Why did they name PriorityQueue
if you can\'t insertWithPriority? It seems very similar to a heap. Are there any differences? If no difference, the
Add() works like an insertWithPriority.
You can define priority for the type that you want using the constructor:
PriorityQueue(int, java.util.Comparator)
look under https://docs.oracle.com/en/java/javase/11/docs/api/java.base/java/util/PriorityQueue.html
The order the Comparator gives will represent the priority in the queue.
From Java docs
Priority queue represented as a balanced binary heap: the two children of queue[n] are queue[2*n+1] and queue[2*(n+1)]. The priority queue is ordered by comparator, or by the elements' natural ordering.
Here is a working code for maxHeap and minHeap using PriorityQueue
-
class HeapDemo {
private final static int HEAP_SIZE = 10; //size of heap
//INNER CLASS
static class maxHeapComparator implements Comparator<Integer> {
@Override
public int compare (Integer x, Integer y) {
return y-x; //reverse order
}
}
public static void main(String[] args) {
PriorityQueue<Integer> minHeap = new PriorityQueue<>(HeapDemo.HEAP_SIZE);
PriorityQueue<Integer> maxHeap = new PriorityQueue<>(HeapDemo.HEAP_SIZE, new maxHeapComparator());
for(int i=1; i<=HeapDemo.HEAP_SIZE; ++i){
int data = new Random().nextInt(100) +1; //number between 0 to 100
minHeap.add(data);
maxHeap.add(data);
}
System.out.print("\nMIN Heap : ");
Iterator<Integer> iter = minHeap.iterator();
while(iter.hasNext()){
System.out.print(iter.next() + " ");
}
System.out.print("\nMAX Heap : ");
iter = maxHeap.iterator();
while(iter.hasNext()) {
System.out.print(iter.next() + " ");
}
}
}
sample o/p :
MIN Heap : 20 32 37 41 53 91 41 98 47 86
MAX Heap : 98 91 41 53 86 20 37 41 32 47
For max-heap you can use:
PriorityQueue<Integer> queue = new PriorityQueue<>(10, Collections.reverseOrder());
The default PriorityQueue is implemented with Min-Heap, that is the top element is the minimum one in the heap.
In order to implement a max-heap, you can create your own Comparator:
import java.util.Comparator;
public class MyComparator implements Comparator<Integer>
{
public int compare( Integer x, Integer y )
{
return y - x;
}
}
So, you can create a min-heap and max-heap in the following way:
PriorityQueue minHeap=new PriorityQueue();
PriorityQueue maxHeap=new PriorityQueue(size, new MyComparator());
From http://docs.oracle.com/javase/7/docs/api/java/util/PriorityQueue.html
An unbounded priority queue based on a priority heap.
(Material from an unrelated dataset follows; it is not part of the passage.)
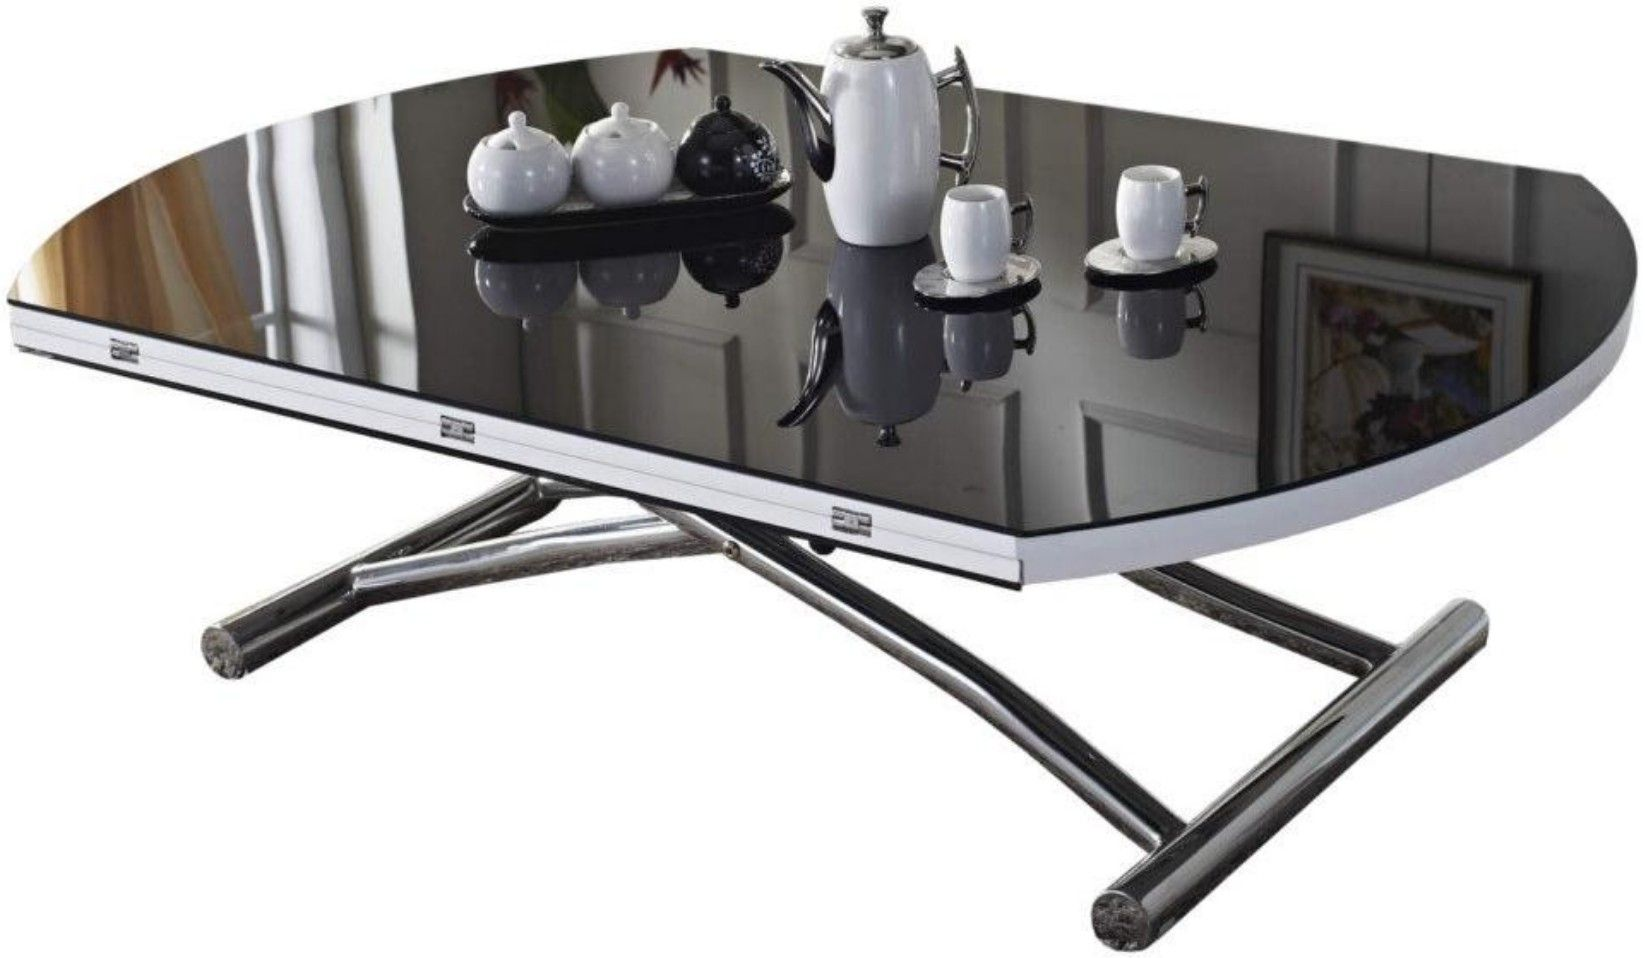 Table Basse Relevable Et Extensible Verre Trempe Noir Alexandra Table Basse Relevable Table Basse Table Basse Ronde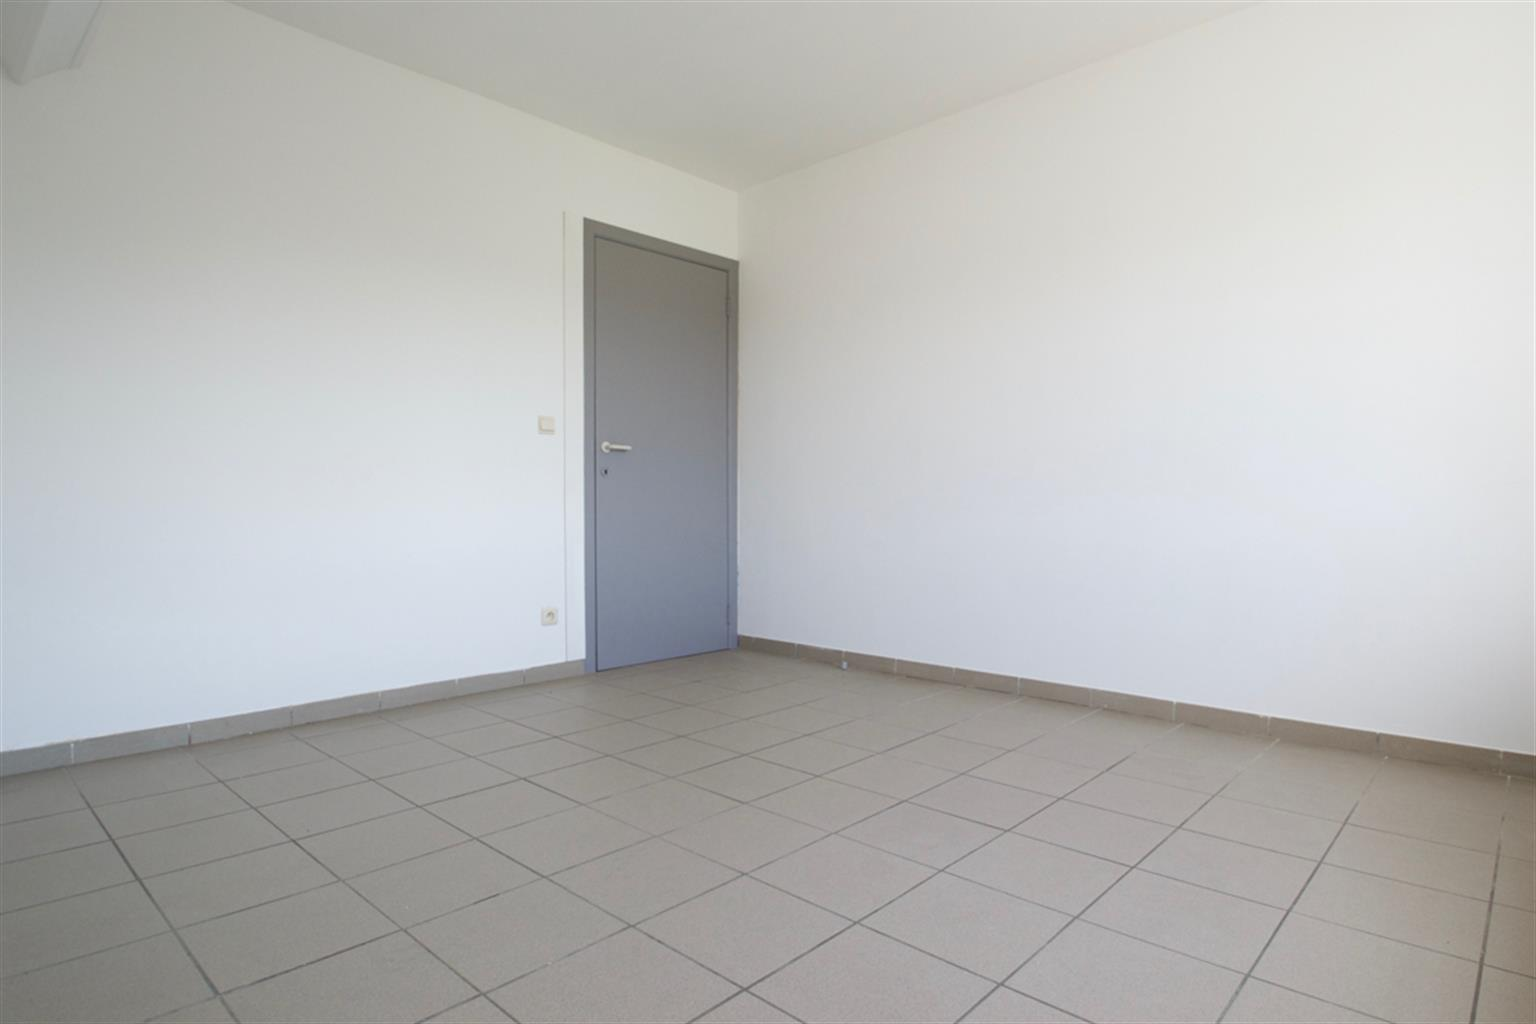 Appartement - Leval-Trahegnies - #3454438-3

The elements of the priority queue are ordered according to their natural ordering, or by a Comparator provided at queue construction time
for integer, long, float, double, character, boolean (i.e. primitive data types) the natural ordering is ascending order, that's why Arrays.sort(arr) {where arr is an array of primitive data type} sorts the value of arr in ascending order. You can change the natural ordering by using a Comparator
Comparator can be used in two ways either
One of the way is how DpGeek showed
Another way is by using Anonymous Class. For example
Arrays.sort(arr, new Comparator<Integer>() {
public int compare(Integer x, Integer y) {
return y - x;
}
});
Arrays.sort(arr, (Integer x, Integer y) -> y - x);
This sorts the array arr in descending order
From the PriorityQueue JavaDocs:
An unbounded priority queue based on a priority heap. The elements of the priority queue are ordered according to their natural ordering, or by a
Comparator
provided at queue construction time, depending on which constructor is used.
Priority is meant to be an inherent property of the objects in the queue. The elements are ordered based on some sort of comparison. To insert some object with a given priority, you would just set whatever field(s) on the object affect the ordering, and add() it.
And, as @Daniel commented,
Generally Java Objects are named based on the functionality they provide, not named based on how they are implemented.